Photo Credit: Jewish Press

Dear Dr. Yael,

I am happily married with a wonderful young family. Baruch Hashem it appears that I have everything going for me. I almost feel guilty writing this letter as I know that people write to you with much more challenging situations. I have an amazing career, do very well financially, and my husband is extremely supportive.


So, what’s my issue?

My mother-in-law.

No matter what I do, I can’t please her. I make her favorite foods when she comes to us for Shabbos. I buy her gifts, which she generally returns, so now I buy her gift certificates. If my house is clean, it is too clean; if my food is delicious, I cook too much. If my children have amazing middos and are great students with derech eretz, I put too much pressure on them. My father-in-law, by the way, is thrilled with our family and says we give him lots of nachas. So why does she find fault in the most ridiculous things.

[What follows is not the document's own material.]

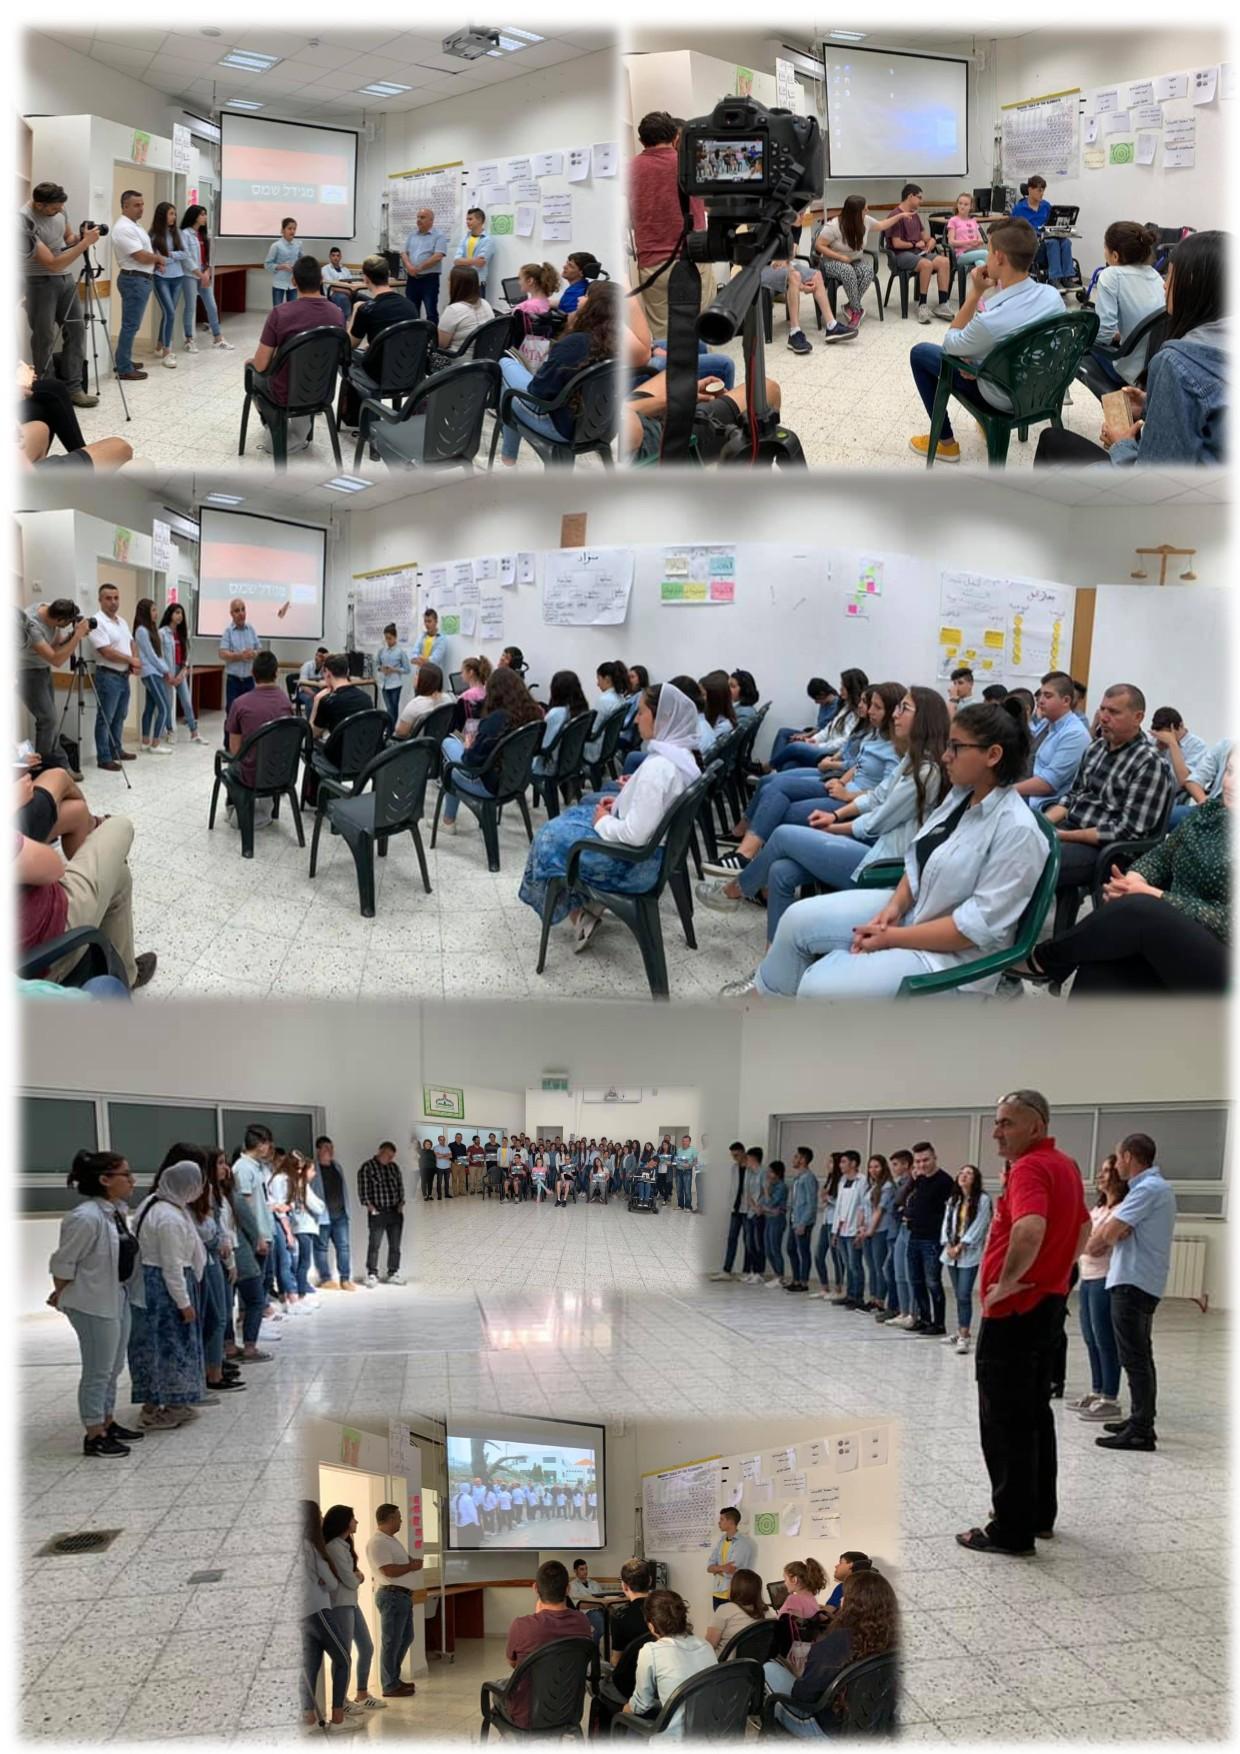 Artwork from the book - 2018-2019 الفعاليات الاجتماعية الصفية إعدادية مجدل شمس by Ameen Qadhamany - Ourboox.com

One Shabbos, she spent every meal talking about a doorstop that was missing behind one door and how we will eventually have a hole there. We had just finished repainting that room and forgot to put something to stop the door from hitting the wall. Trust me, Dr. Respler, right after Shabbos I bought something to put there. Either way, the whole Shabbos was spent criticizing something unimportant while it could’ve been a positive and happy Shabbos.

My mother-in-law is a loving grandmother and wonderful to my husband – it is only me that she cannot stand. They are not poor people, but believe that once children are married, they are on their own. So I, who comes from a poor family, gets more financial and emotional support from my family than from my husband’s.

My mother-in-law loves to shop and knows exactly what to get for my husband an each of our kids, however, when it comes to me, she says, “I never know what to buy you, you seem to have everything.”

This can be so painful especially when they go on a trip and buy cologne for my husband, beautiful real jewelry for our daughters, and special gifts for our sons, but then gets nothing for me.

I am considered beautiful, have a great career, have many guests, lots of friends, and we are a very beloved and important couple in our community. Why can’t my mother-in-law see any good in me when we give her the most nachas from all of her children?

Please give me some chizuk. I really want her to love me and I try so hard all the time to be loving and thoughtful.

A Fan


Dear Fan,

There is so much to say about this issue and in next week’s column we hope to share some insights. This week, however, I would like to give you a bracha that Hashem give you the siyatta d’Shmaya and strength to overcome this challenge. Hatzlocha.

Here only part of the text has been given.